Maybe Nintendo's trying to pull older audiences to them. >_<


----------



## Rockman! (Aug 4, 2009)

lol I was watching the trailer and some girl said "Looks like I have to remove some clothes."

It's Strip Poker.


----------



## rafren (Aug 4, 2009)

Yep


----------



## rafren (Aug 4, 2009)

Whoz getting thiz? sign here. lol im not


----------



## Rockman! (Aug 4, 2009)

I'll get it next year when I'm 18.


----------



## rafren (Aug 4, 2009)

Thats eh sign?


----------



## Entei Slider (Aug 4, 2009)

RockmanEXE said:
			
		

> Mega and I are both going to get this.
> 
> Even if it is Poker ...


im with you
not only cause those girls are HOT but because i like poker


----------



## Megamannt125 (Aug 4, 2009)

MUST HAVE MUST HAVE MUST HAVE
SERIOUSLY *censored.3.0*ING MUST HAVE *censored.3.0* *censored.3.0* *censored.3.0* *censored.3.0* GIMME


----------



## rafren (Aug 4, 2009)

<_<  I take that as a Sign.


----------



## [ Insert Your Name Here ] (Aug 4, 2009)

O.O Somebody Cover my Eyes PLEASE!


----------



## Megamannt125 (Aug 4, 2009)

I mean it's nothing I haven't seen a billion times but still, do want.


----------



## rafren (Aug 4, 2009)

Any more signs?


----------



## Megamannt125 (Aug 4, 2009)

I'm glad Nintendo is finally acting like real japanese people.


----------



## rafren (Aug 4, 2009)

Lol. Offtopic but Mega whuts yer real name?


----------



## John102 (Aug 4, 2009)

There have been volleyball games much better than this, plus the girls actually moved in the volley ball games.


----------



## rafren (Aug 4, 2009)

Yuh.Dats true.


----------



## Megamannt125 (Aug 4, 2009)

john102 said:
			
		

> There have been volleyball games much better than this, plus the girls actually moved in the volley ball games.
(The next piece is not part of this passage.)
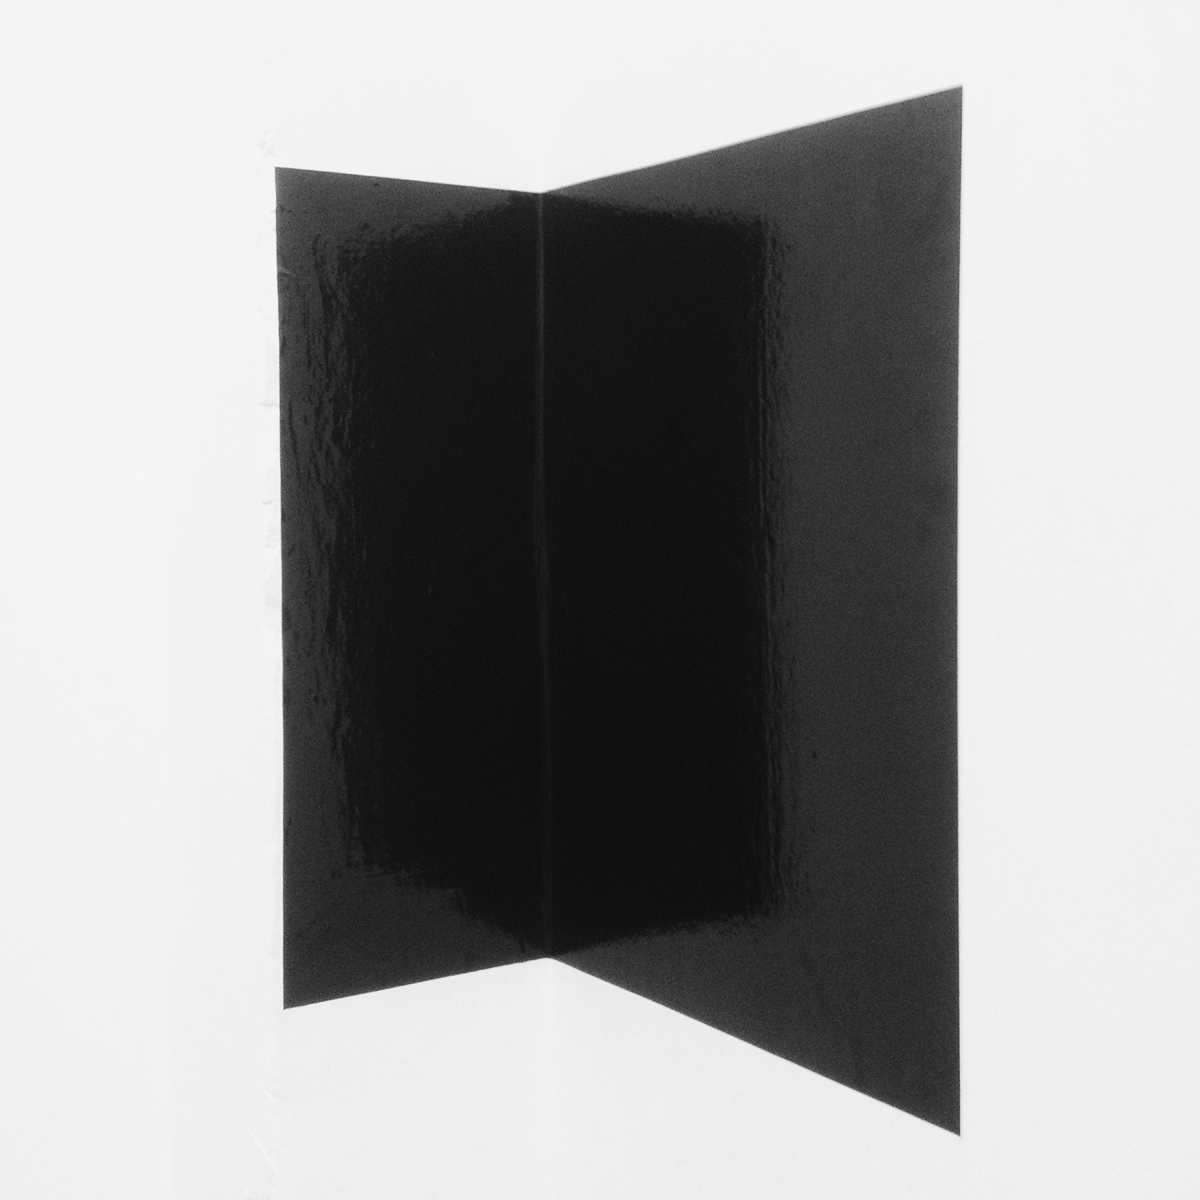  Untitled (introspection)  2014, Temporary site specific installation, black glossy vinyl adhered to a corner, approx 36 inches high

But they don't get naked in those and they weren't for wii. (They BETTER get naked in this game, or else it's a waste of money)


----------



## rafren (Aug 4, 2009)

Hunt Youtube to find if they strip off all their clothes.


----------



## Megamannt125 (Aug 4, 2009)

rafren said:
			
		

> Hunt Youtube to find if they strip off all their clothes.


I'll just wait for reviews, doesn't matter if I get it or not really, I always got better stuff.


----------



## Kanye Omari West (Aug 4, 2009)

Time to learn Poker >_>


----------



## Entei Slider (Aug 4, 2009)

do you know what strip poker is? they start with 6 peices of clothing if they lose 6 games then O.O


----------



## rafren (Aug 4, 2009)

@ Xela-Thats a sign too.

@ Mega- Oh ok. I just found out yer name was Dustin.

@Roblox- Oh..Are ya signing?


----------



## Goaliegal49 (Aug 4, 2009)

I was going to try and get it but then I seen there was only girls in the game and I decided not to.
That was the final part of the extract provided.